In the interests of the social gospel and its concern for the common good, and with no pretense of technical competence, I have a win-win solution for the neuralgic regional problem of dredging the Delaware River. Environmentalists oppose it, saying it will foul the drinking water that is drawn from the river above the salt line. They argue that PCBs and heavy metals will be stirred up and then taken ashore to stand in unsightly mountains. They maintain that wetlands, fish and wildlife would be affected badly.
Economists favor dredging the river so that larger ships can navigate it farther north, bringing jobs and increased trade to the Delaware Valley. Dredging already is being done on a maintenance basis, but this plan, which has been in and out of courts for years, wants to go to a depth of 45 or 50 feet, deeper than most of the river currently is. New Jersey and Delaware are suing to keep from being the dumping grounds, while Pennsylvania, which was slated at one point to host dumping in exhausted coal mines, will not take any of the sand, clay and silt on its territory.
The solution: dredge to 50 feet or more and load the “dredge spoils” onto barges which would take it just far enough out into the Atlantic to be of no danger to the environment or to ocean depths needed for ship passage. Environmentalists would like that less energy would be needed: only fuel for the barges, instead of fuel needed to off-load the material via heavy equipment onto trucks for transport to some area deemed fit to suffer indefinitely from unsightly grey, malodorous mounds 30 or 40 feet high. We are talking about 16 million cubic yards of mud. They would also like that underwater material would merely go back to being underwater, but in a better place.
Economists who have been arguing for dredging say that this would propel the area far beyond its present maximum of 400 ships, 4,000 jobs, 4 million annual tons of products, and $400 million in trade revenue. While they don’t want the river spoils on their front lawn, neither do environmentalists want to see people out of productive work in our hurting economy.
Studies done in 1997 but considered generally still in force claim that dredging can be done safely. The Army Corps of Engineers would oversee the $397 million project. Unions want it because it will generate thousands of jobs. So does the Philadelphia Regional Port Authority.
Rivers are regularly dredged to counteract the normal filling in of the depths needed for shipping lanes. It is usually done with awareness of the environment. But politics muddies the waters when ports in north Jersey try to hobble in Trenton or Washington this South Jersey effort. Vested interests like these usually collide in state or federal government offices. So folks concerned about the common good of all people, namely those property owners downwind from the unnatural dunes, and those struggling to make and keep good jobs, are used to jousting and arguing the relative merits of such conflicts.
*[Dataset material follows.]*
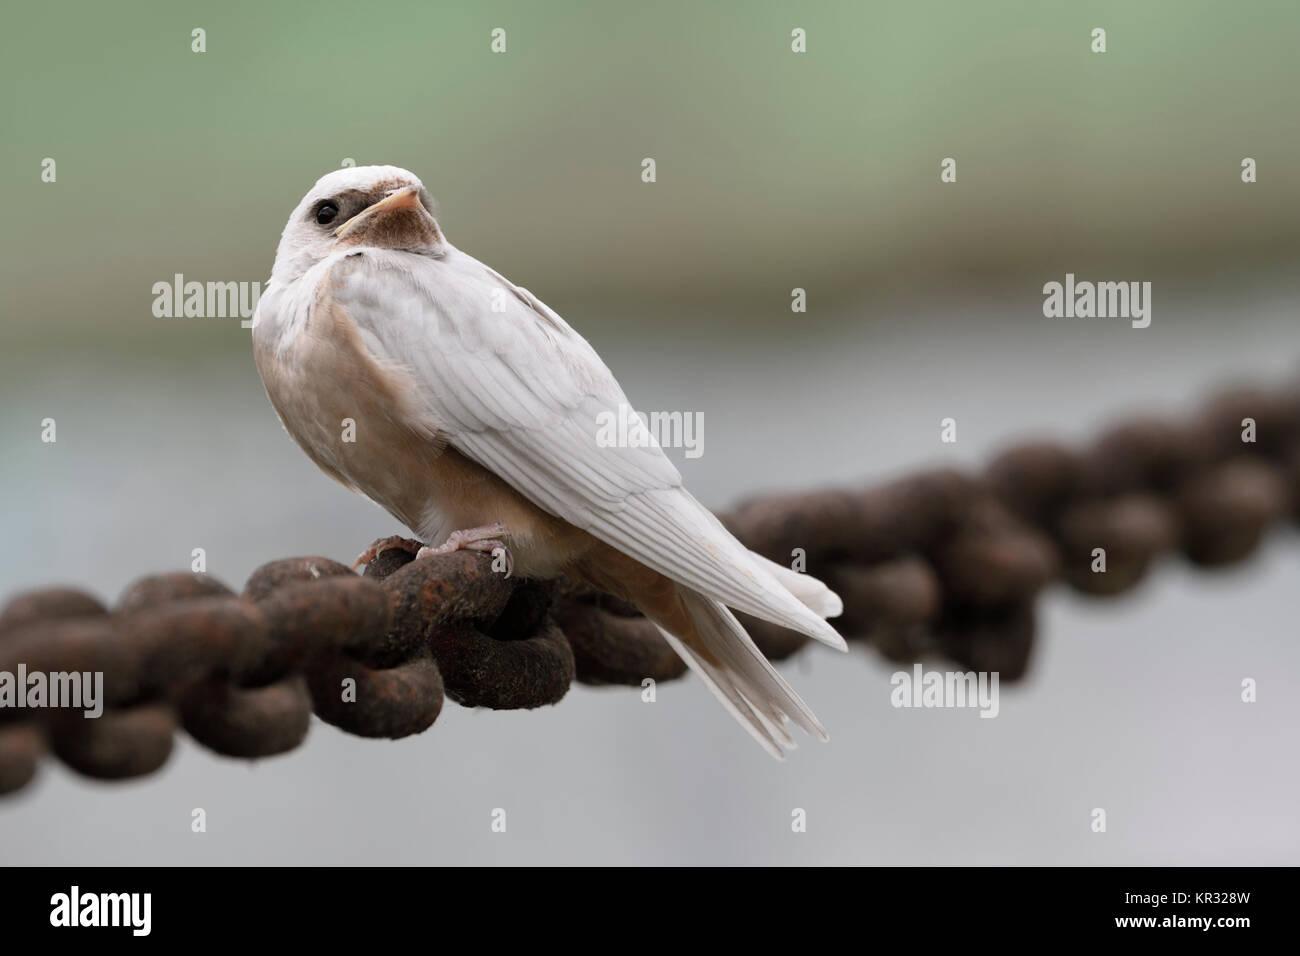 Barn Swallow / Rauchschwalbe ( Hirundo rustica ), young, pigment defect, white plumage, leucistic, leucism, perched - Stock Image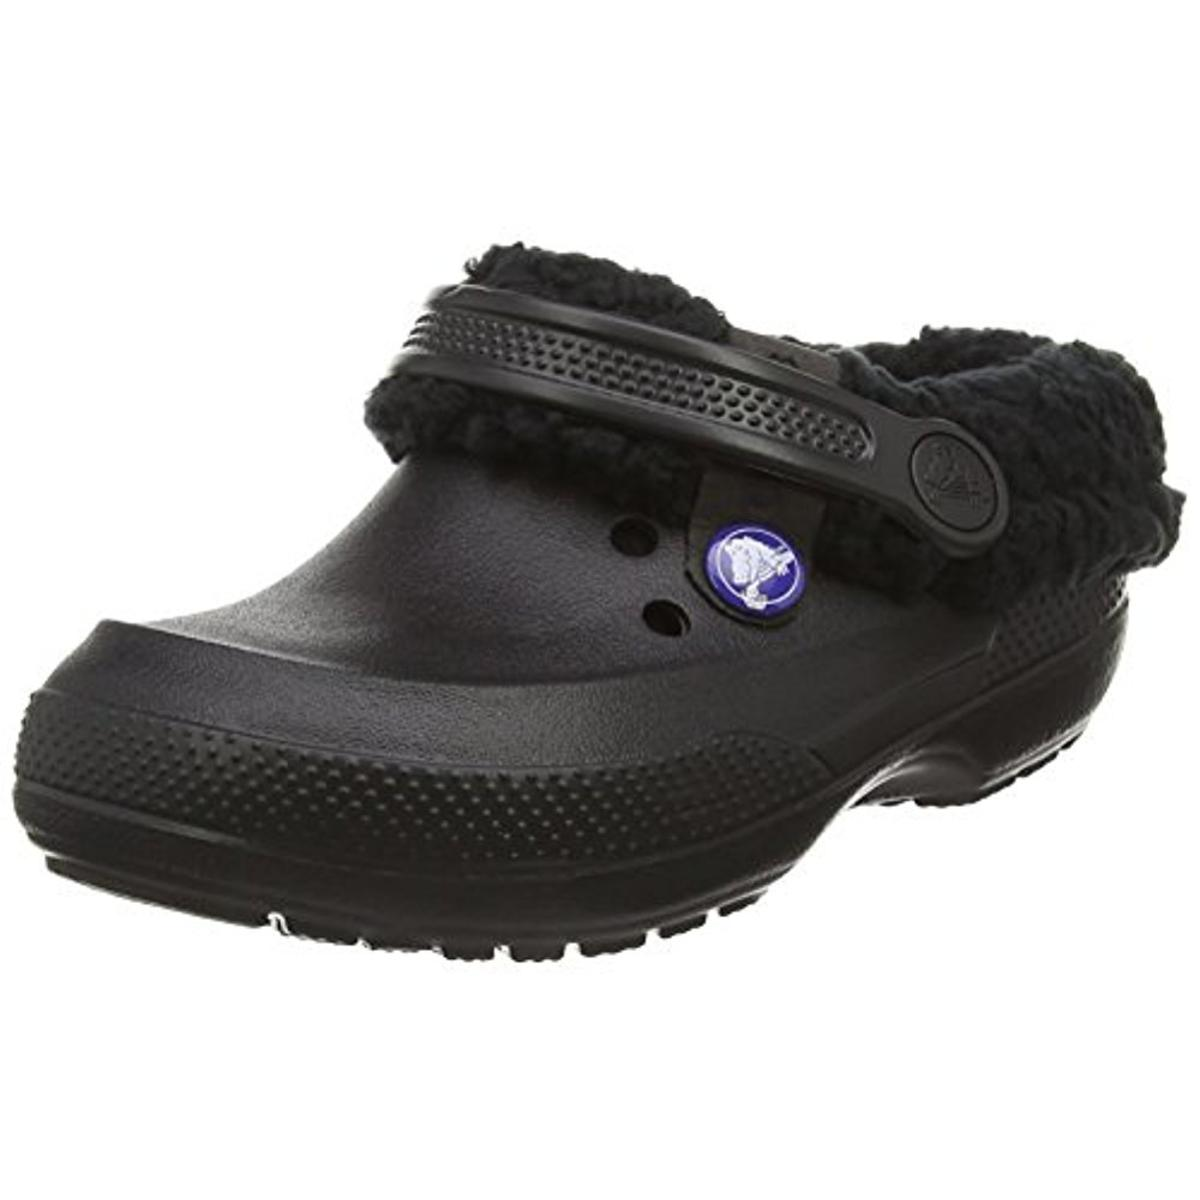 Crocs Girls Classic Blitzen II Faux Fur Casual Clogs by Crocs

That is why conscientious Christians and others have no problem with subjects as mundane and secular as river dredging being featured in Catholic newspapers which are not afraid of losing their tax-exempt status as non-profits. This is why we have Catholic newspapers. They inform people of any faith of activities affecting the common good, the people at large and what is best for the community. Popes and bishops even before Vatican II have urged baptized and confirmed congregants to take seriously their responsibility for the state. A democracy from the civil point of view will not flourish if people continue to abandon citizen oversight to the vested interests.
River dredging is a good test case for church counsel offered to government through the media to benefit people. It is non-partisan. It does not favor one side only because it is powerful. People who benefit from such counsel, perhaps because they would not have to look at mounds of mud, appreciate church comment. Those who do not immediately benefit, such as those who run medical insurance companies, probably would not like church support of public options in the different controversy of the reform of medical coverage.